Are Landweber exact spectra determined by their coefficient ring?

Question

Let $E$ be a Landweber exact ring spectrum. That is, we have a map of homotopy ring spectra $MU\rightarrow E$ and an isomorphism of homology theories $E_*X\simeq MU_*X\otimes_{MU_*}E_*$. Is the homotopy type of $E$ determined by the graded ring $E_*$?

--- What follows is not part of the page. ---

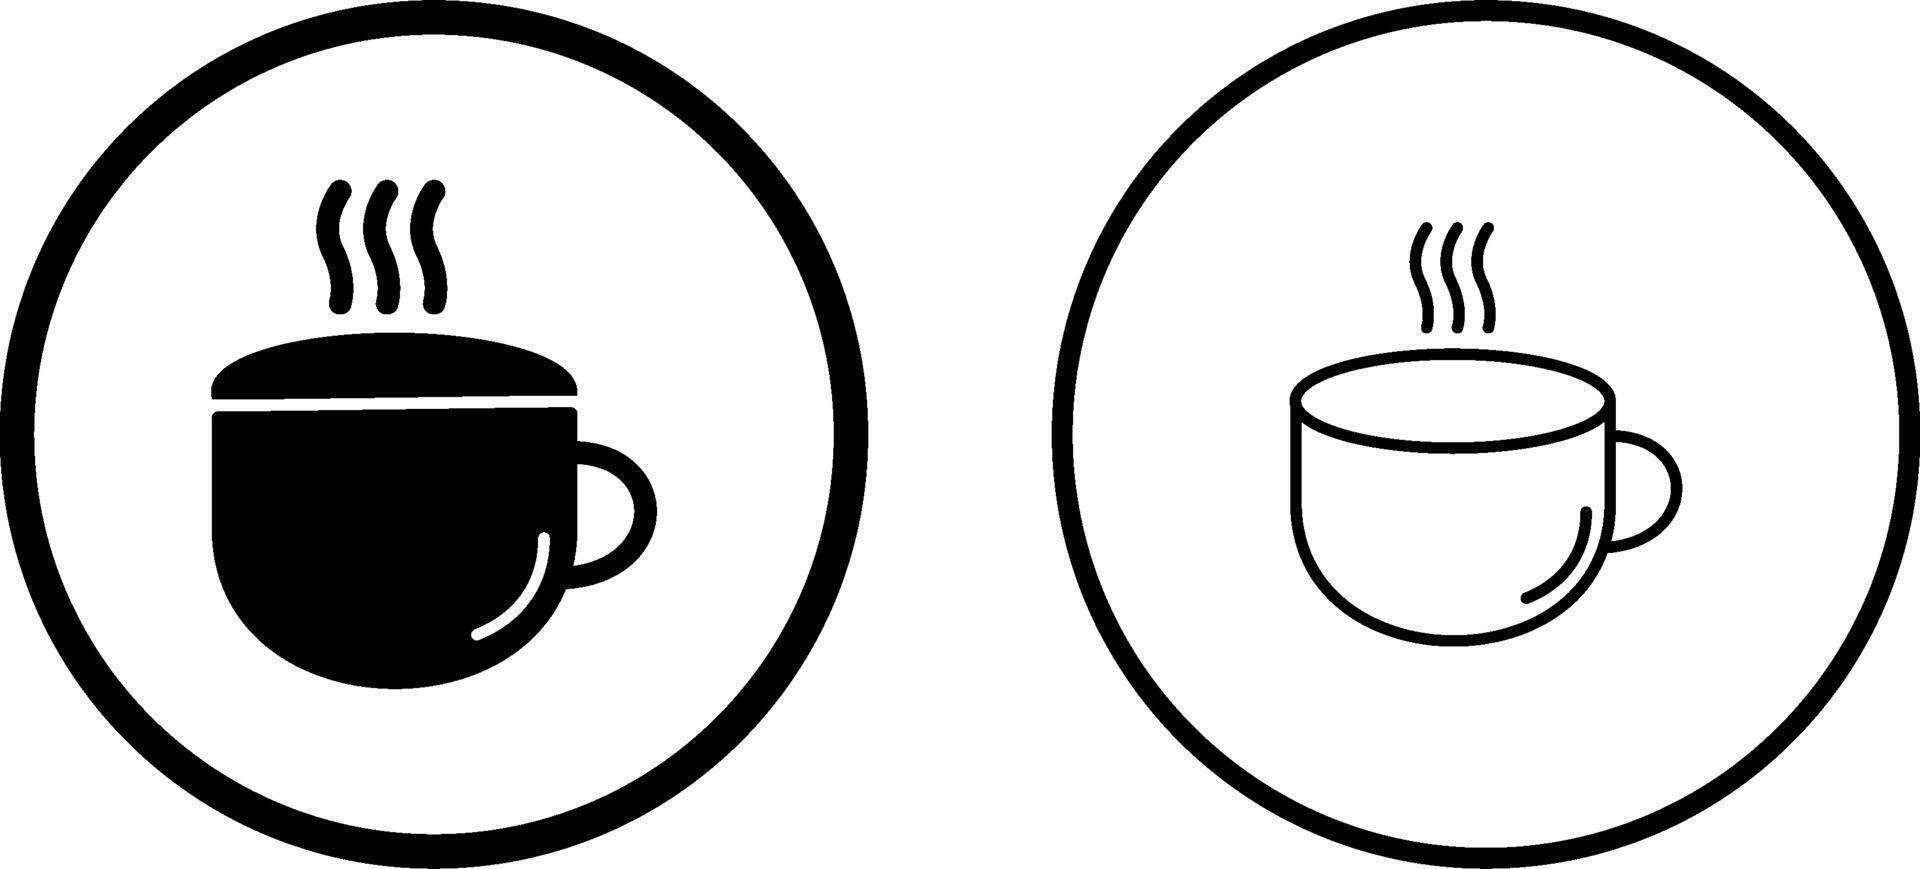 Vektorsymbol für Teetasse vektor

My best guess is that the answer is "no" which would ideally be proved by finding a (graded) ring $R$ and two (graded), Landweber exact, formal group laws (graded ring maps) $e,f:MU_*\rightarrow R$, such that the spectra representing the two homology theories are not homotopy equivalent.

Answer 1

Put $R_*=\mathbb{Z}_{(p)}[x,y,y^{-1}]$ with $|x|=|y|=2$. Define $f,g\colon BP_*\to R_*$ by \begin{align*} f(v_i) &= \begin{cases} y^{p-1} & \text{ if } i = 1 \\ 0 & \text{ if } i > 1 \end{cases} \\ g(v_i) &= \begin{cases} x^{p-1} & \text{ if } i = 1 \\ y^{p^2-1} & \text{ if } i = 2 \\ 0 & \text{ if } i > 2 \end{cases} \\ \end{align*} This gives Landweber exact ring spectra $A_f$ and $A_g$ of heights one and two respectively, so for a finite spectrum $X$ of type $2$ we have $A_f\wedge X = 0 \neq A_g\wedge X$, so $A_f$ and $A_g$ are not equivalent as spectra.